Aggregation Execution Planning Strategy

Aggregation is an execution planning strategy that SparkPlanner uses for planning Aggregate logical operators (in the order of preference):

  1. HashAggregateExec
  2. ObjectHashAggregateExec
  3. SortAggregateExec

Executing Rule

apply(
  plan: LogicalPlan): Seq[SparkPlan]

apply is part of the GenericStrategy abstraction.

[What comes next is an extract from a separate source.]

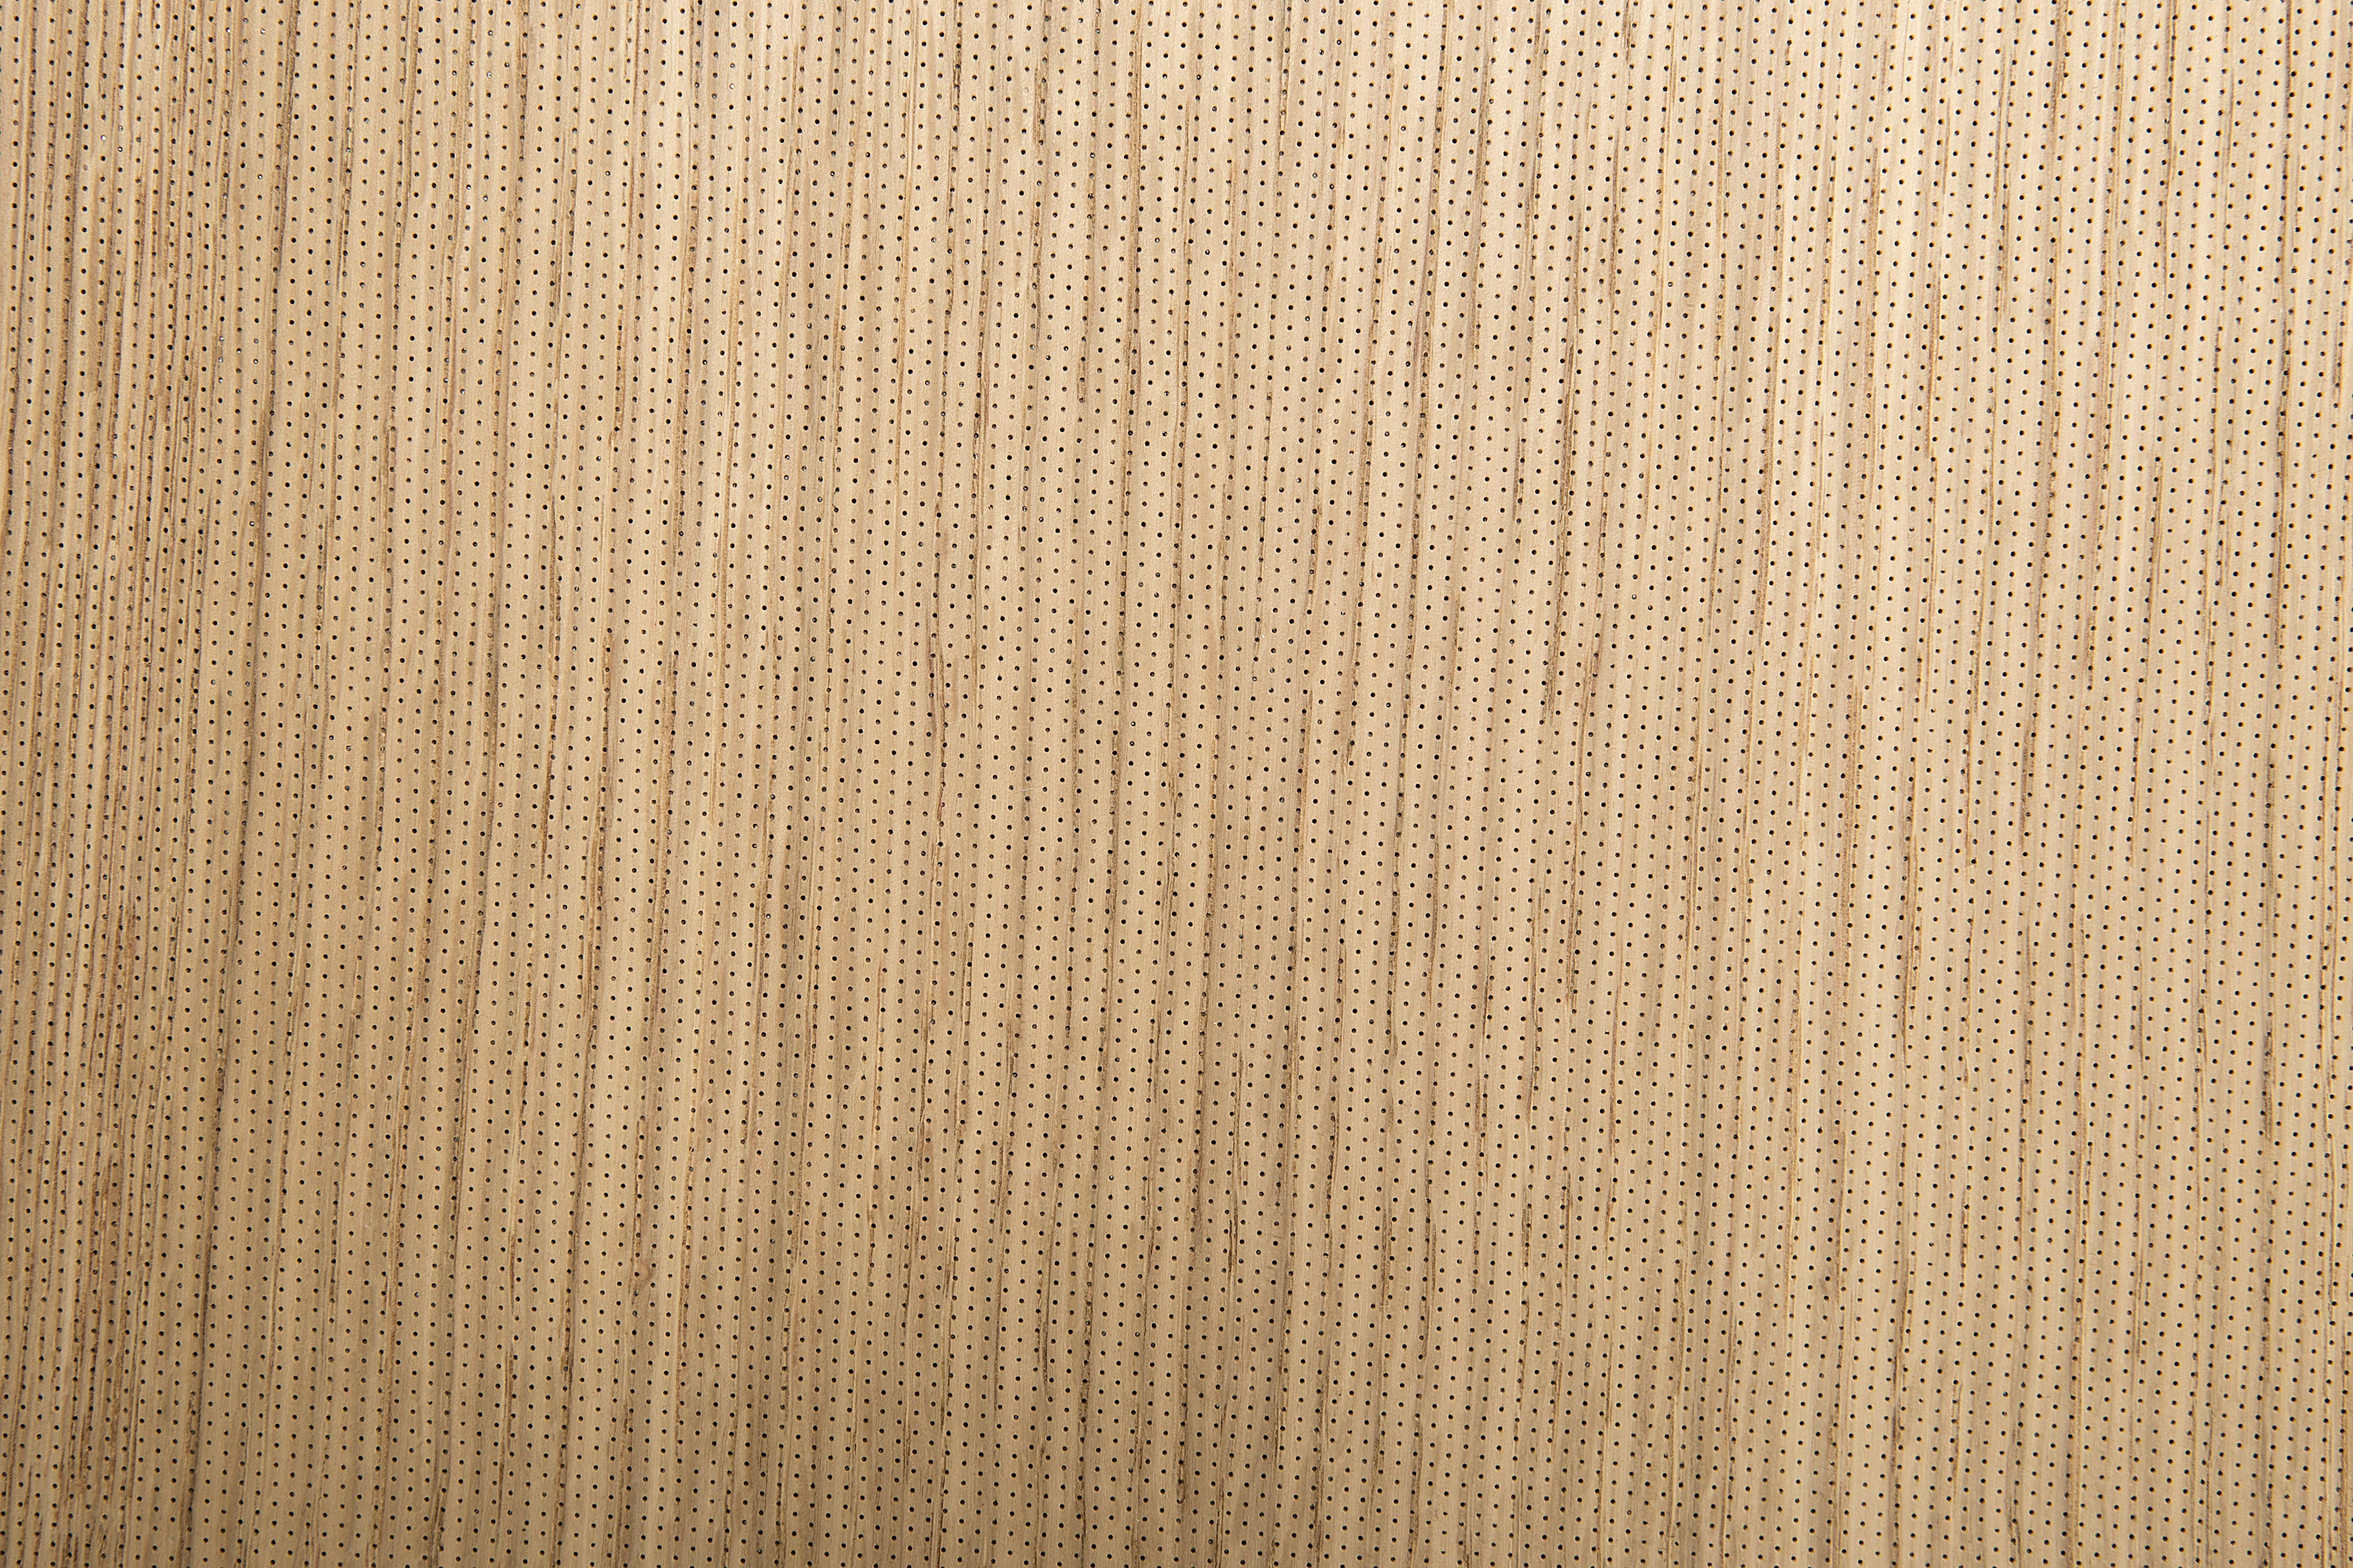 Lawapan Veneered Wood Wall Panels | Wood walls, Paint finishes and ...

apply works with Aggregate logical operators with all the aggregate expressions being either AggregateExpressions or PythonUDFs only. Otherwise, apply throws an AnalysisException.

apply destructures the Aggregate logical operator (into a four-element tuple) with the following:

  • Grouping Expressions
  • Aggregration Expressions
  • Result Expressions
  • Child Logical Operator

AggregateExpressions

For Aggregate logical operators with AggregateExpressions, apply splits them based on the isDistinct flag.

Without distinct aggregate functions (expressions), apply planAggregateWithoutDistinct. Otherwise, apply planAggregateWithOneDistinct.

In the end, apply creates one of the following physical operators based on whether there is distinct aggregate function or not.

Note

It is assumed that all the distinct aggregate functions have the same column expressions.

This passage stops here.